··· Dataset excerpt ···
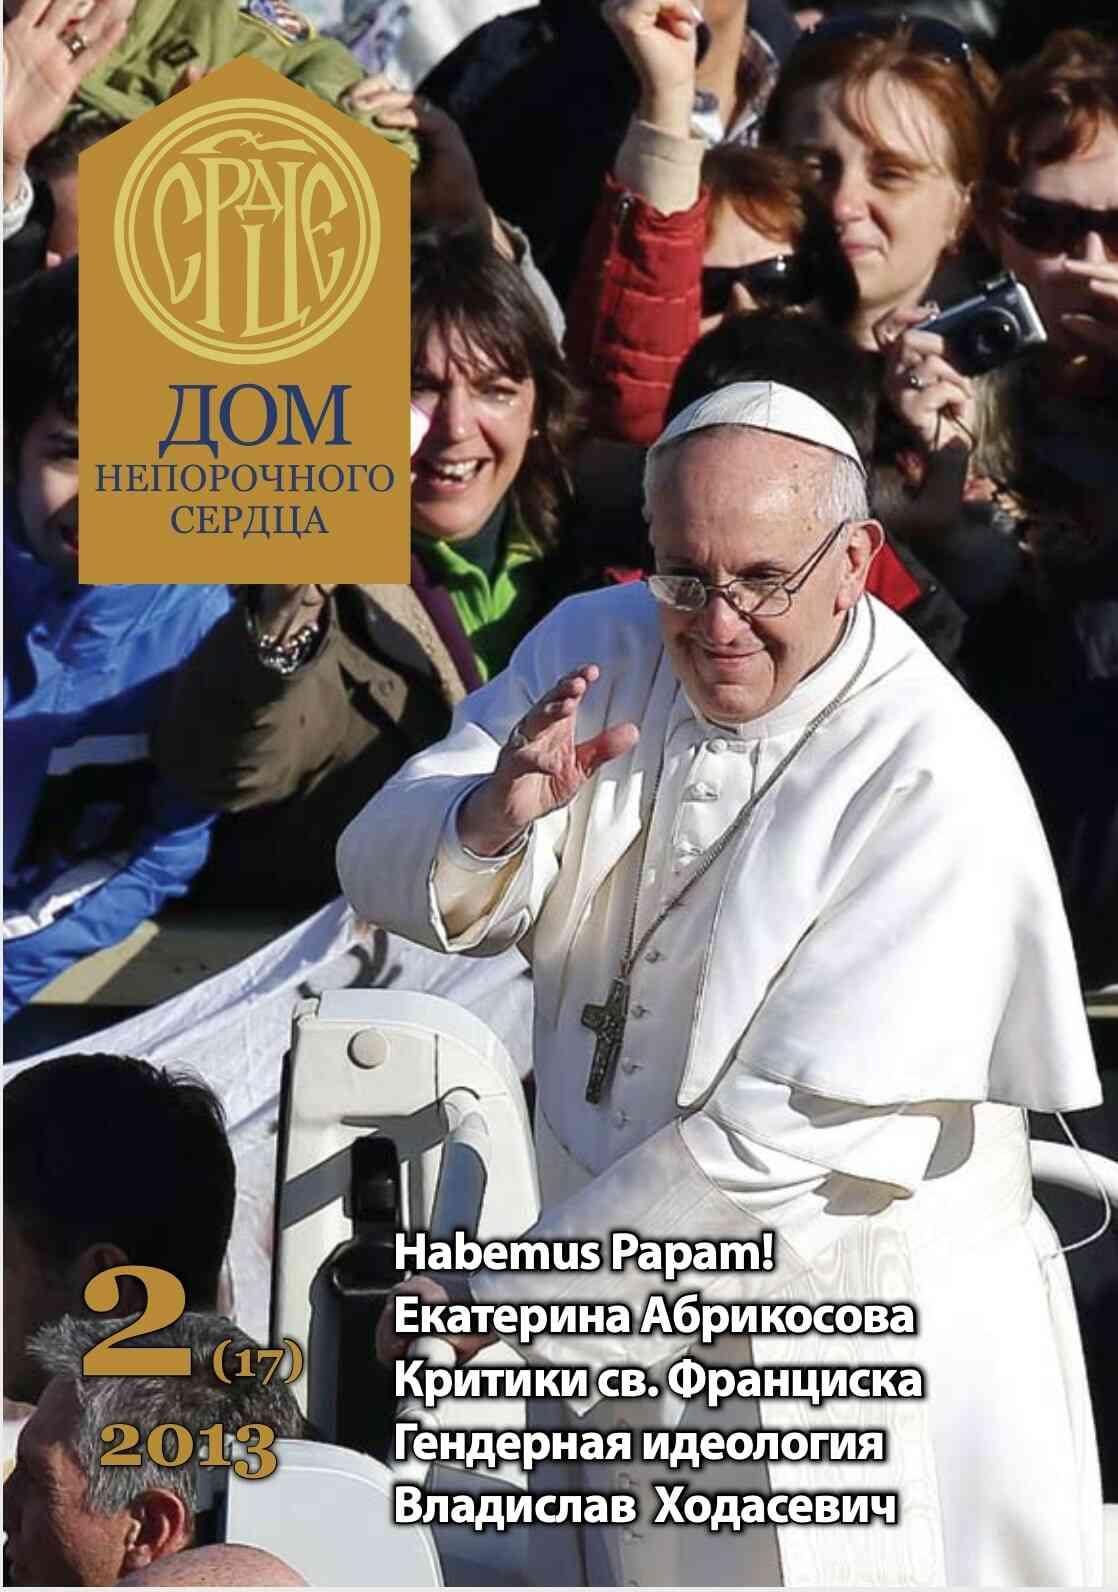 Журнал «Дом Непорочного Сердца» № 2 (17) 2013 год
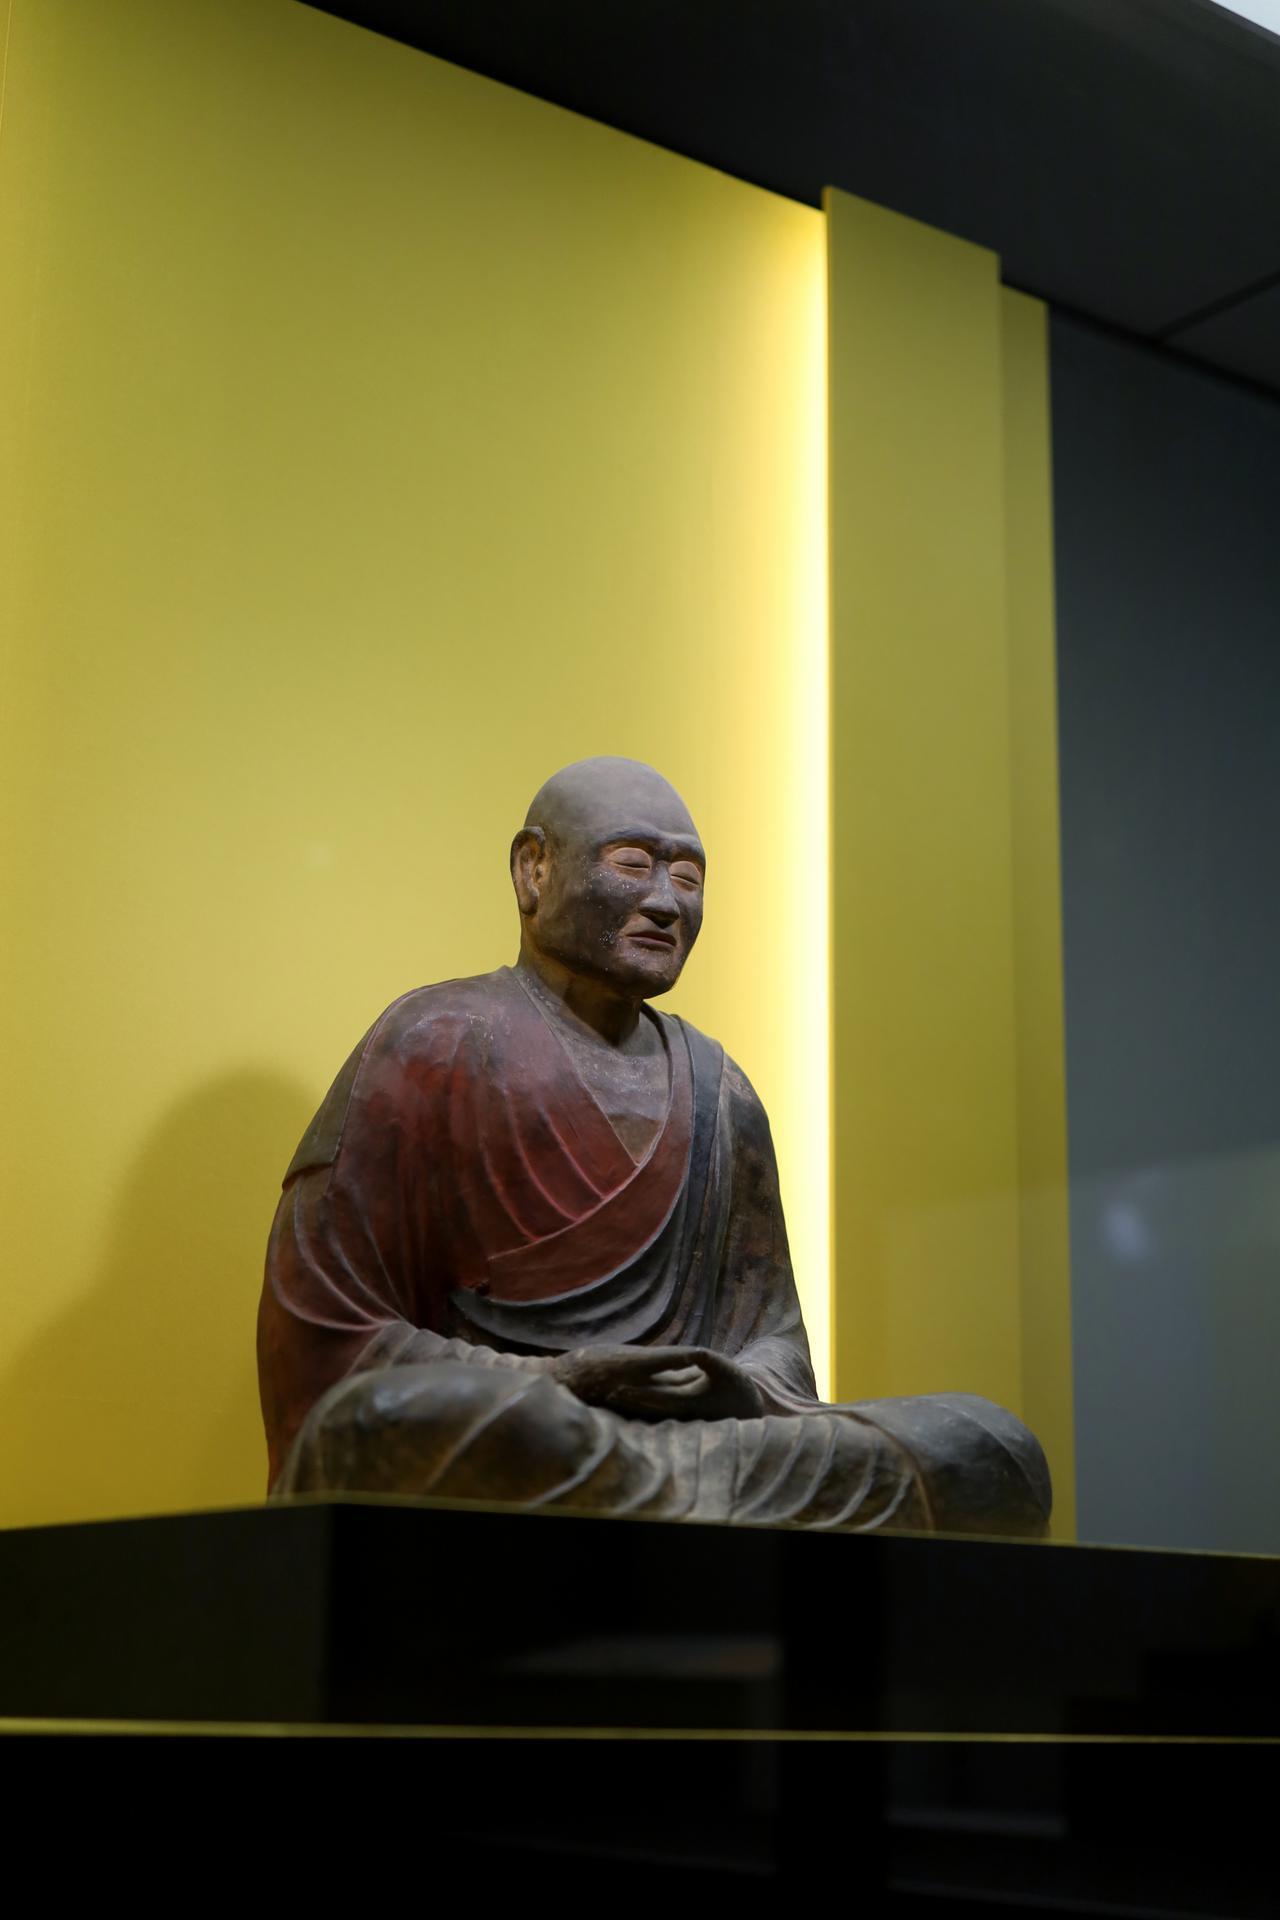 画像2: 鑑真和上坐像 奈良時代8世紀 奈良・唐招提寺 国宝
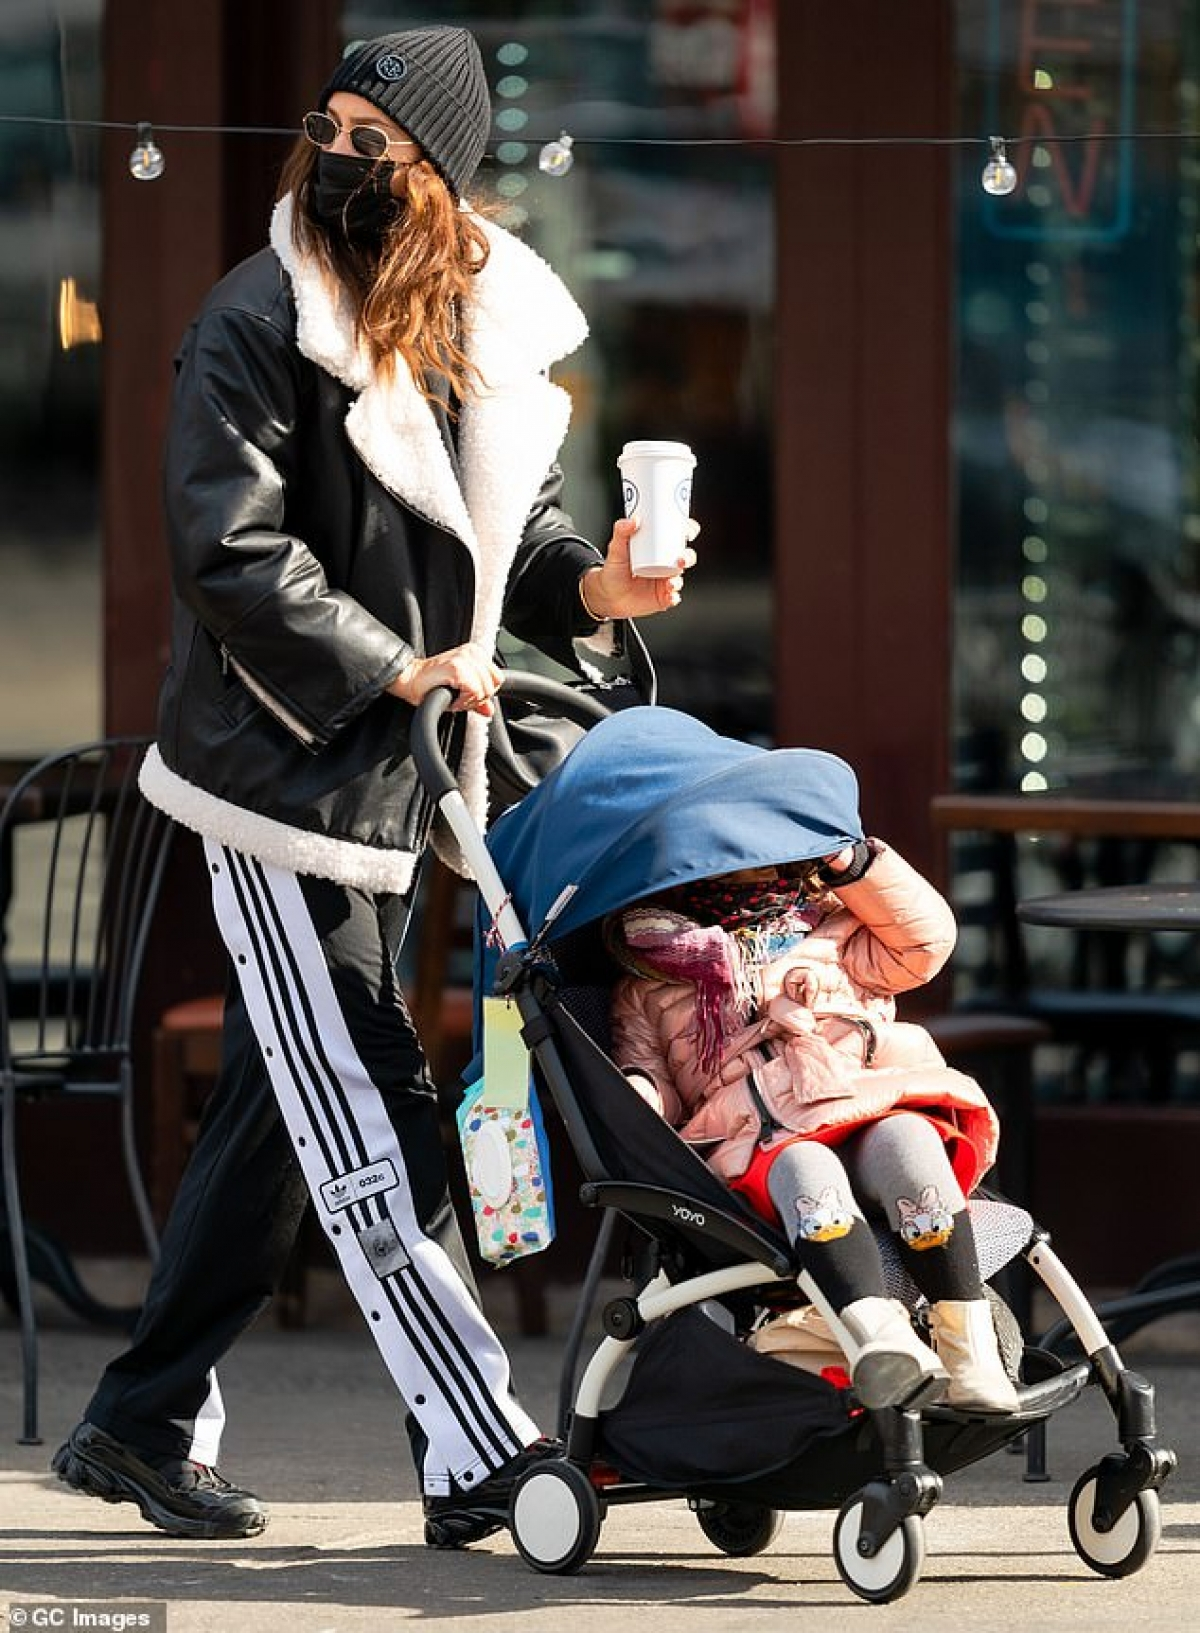 Siêu mẫu Nga diện set đồ màu đen khỏe khoắn, cầm theo ly cafe nóng hổi.
···
*Work order*. A verbatim copy of the material is needed; pictures are not to appear in it.

*Task answer*.
 Журнал «Дом Непорочного Сердца» № 2 (17) 2013 год
 画像2: 鑑真和上坐像 奈良時代8世紀 奈良・唐招提寺 国宝
 Siêu mẫu Nga diện set đồ màu đen khỏe khoắn, cầm theo ly cafe nóng hổi.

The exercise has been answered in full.